# Receiver Operating Characteristic (ROC) Curve

The ROC Curve is a plot of values of the False Positive Rate (FPR) versus the True Positive Rate (TPR) for all possible cutoff values from 0 t o 1.

Example 1: Create the ROC curve for Example 1 of Comparing Logistic Regression Models.

The first portion of the analysis from Comparing Logistic Regression Models is shown here in Figure 1.

Figure 1 – Logistic regression data analysis

We begin by taking the observed values of success and failures in Logistic Regression summary format together with the calculated p-Pred values (i.e.  columns H, I and L from Figure 1) and sorting these by the p-Pred values. This can be done using the SelectCols supplemental function  as follows (referring to Figure 1):

=SelectCols(H6:L17,”5,2,1”,3)

The result is shown in columns AI, AJ and AK of Figure 2.

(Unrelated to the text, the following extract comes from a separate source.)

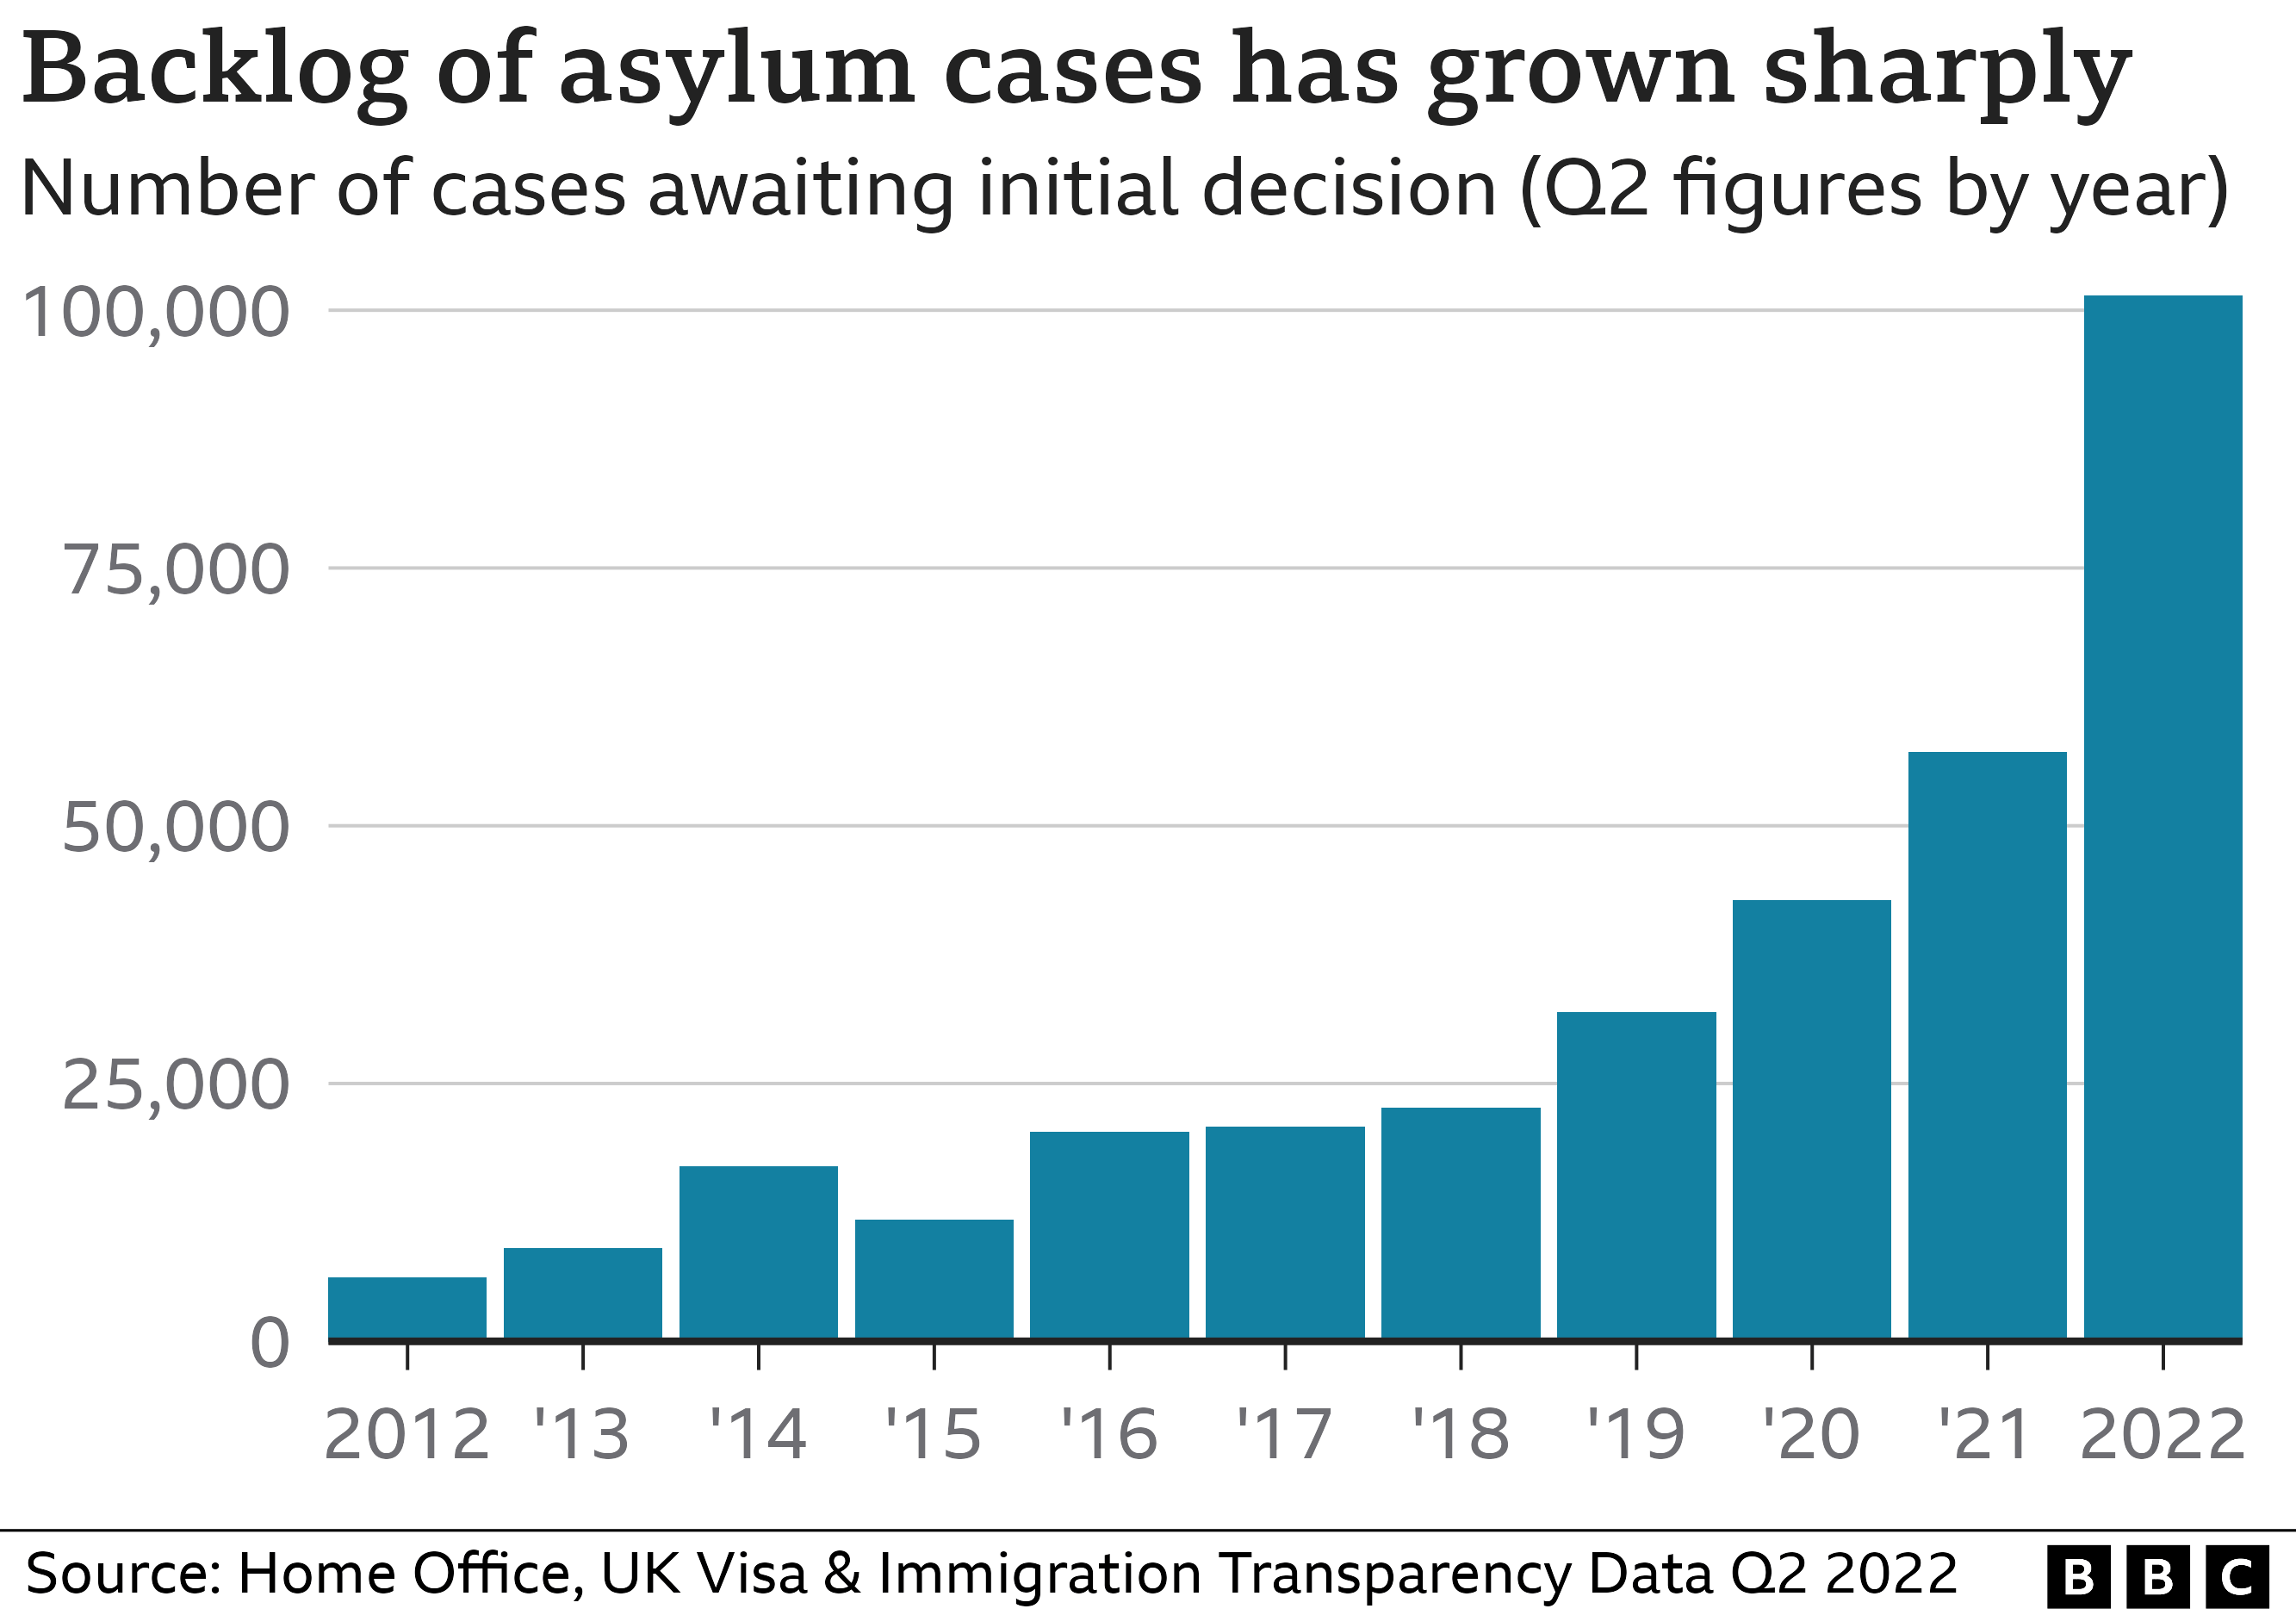 The backlog of asylum cases

Figure 2 – ROC Table and Curve

Next create the cumulative values for Failure and Success (columns AL and AM) and then the values of FPR and TPR for each row (columns AN and AO). E.g. these entries for row 8 are calculated via the following formulas:

Figure 3 – Selected formulas from Figure 2

The ROC curve can then be created by highlighting the range AN6:AO18 and selecting Insert > Charts|Scatter and adding the chart and axes titles. The result is shown on the right side of Figure 2. The actual ROC curve is a step function with the points shown in the figure.

Observation: The higher the ROC curve the better the fit. In fact the area under the curve (AUC) can be used for this purpose. The closer AUC is to 1 (the maximum value) the better the fit. Values close to .5 show that the model’s ability to discriminate between success and failure is due to chance.

For Example 1, the AUC is simply the sum of the areas of each of the rectangles in the step function. The formula for calculating the area for the rectangle corresponding to the p-Pred value in row 8 (i.e. the formula in cell AP8) is shown in Figure 3. The formula for calculating the AUC for Example 1 (cell AP19) is =SUM(AP6:AP18). The calculated value of .845587 shows a pretty good fit.

Observation: The Real Statistics Logistic Regression data analysis tool automatically creates the ROC curve as described above.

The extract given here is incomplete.